The Greater Antilles includes Cuba, Hispaniola (Haitiand the Dominican Republic), Jamaica, and Puerto Rico (including the Virgin Islands) (Fig. 1). Parts of many of these islands have changed position in the past. For example, the southern part of Hispaniola (“south island”) was separate from the rest of Hispaniola for much of its early history and was located well west of that island. The mountains of eastern Cuba were likely part of northern Hispaniola. It is also likely that parts of eastern Hispaniola were united with Puerto Rico. The Greater Antilles has extensive areas of limestone, and some have been uplifted into high mountain plateaus. Rainfall falling on these karst areas creates crevices, hollowing out sinkholes and even deep caverns. These features provide additional important habitats that further increase biodiversity.

Map of the Antilles showing its biological regions

FIGURE 1. Map of the Antilles showing its biological regions

These sinkholes and caves are also places where fossil and semifossil remains of animals are found. Their presence is one reason that there is such an excellent record of the kinds and ages of vertebrates that lived on the islands.

In the Greater Antilles, many plants and animals are derived from South American ancestors. One hypothesis as to how South American terrestrial vertebrates dispersed to the Greater Antilles is the GAARlandia theory proposed by Ross MacPhee and Manuel Iturralde-Vinent.

They believe that about 35 million years ago proto-Cuba, Hispaniola, and Puerto Rico were connected to north-western mainland South America via the now submerged Aves Ridge, and they give the name GAARlandia (from Greater Antilles + Aves Ridge) to the overall structure.
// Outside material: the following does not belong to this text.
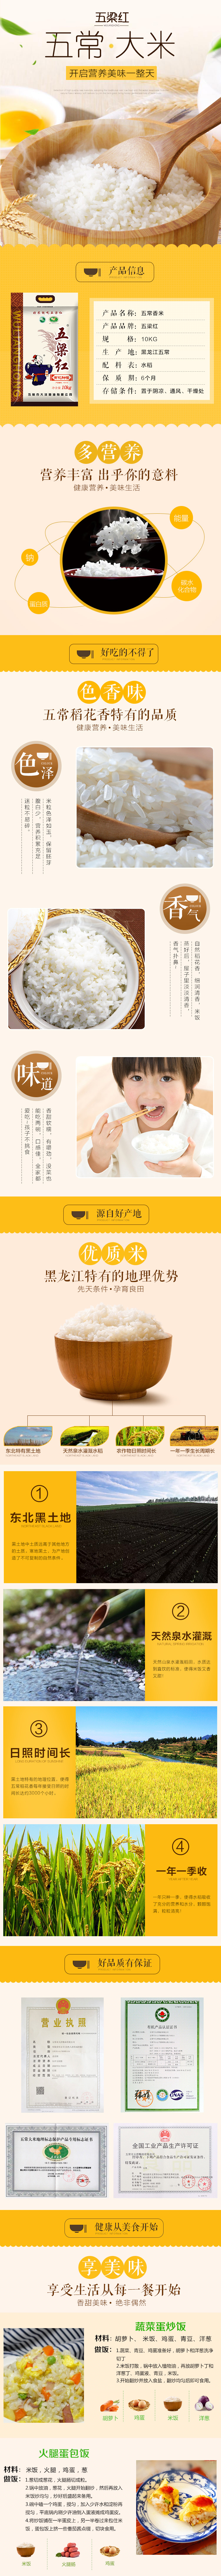 淘宝美工小潘潘大米食品保健果蔬粮油米面详情页作品

This bridge of emergent islands would have been above sea level for about 2 million years (between 35 and 33 million years ago). Terrestrial mammals such as sloths, monkeys, and rodents would have been able to make their way to GAARlandia at that time, later dispersing to other islands over water or via vicariance events. Rodents, sloths, monkeys, and even the Antillean piculet (Nesoctites micromegas), a primitive woodpecker, may have dispersed to the central Greater Antilles via this route. Other plants and animals, such as soricomorphs (including the large solenodons and the much smaller island shrews of the genus Nesophontes), most likely originated in North America and were able to disperse to the Greater Antilles via vicariance events when pieces of the proto-Antilles passed close to the southern tip of the North American continent. There is recent evidence for the antiquity and uniqueness of solenodons. Analysis of a sequence of 13,885 base pairs of both nuclear and mitochondrial genes of Solenodon paradoxus indicates that solenodons separated from other placental mammals 76 million years ago. The last connection between the proto-Antilles and mainland North America was severed 70–80 million years ago, and it is likely that solenodons became part of the Antillean fauna by vicariance at that time.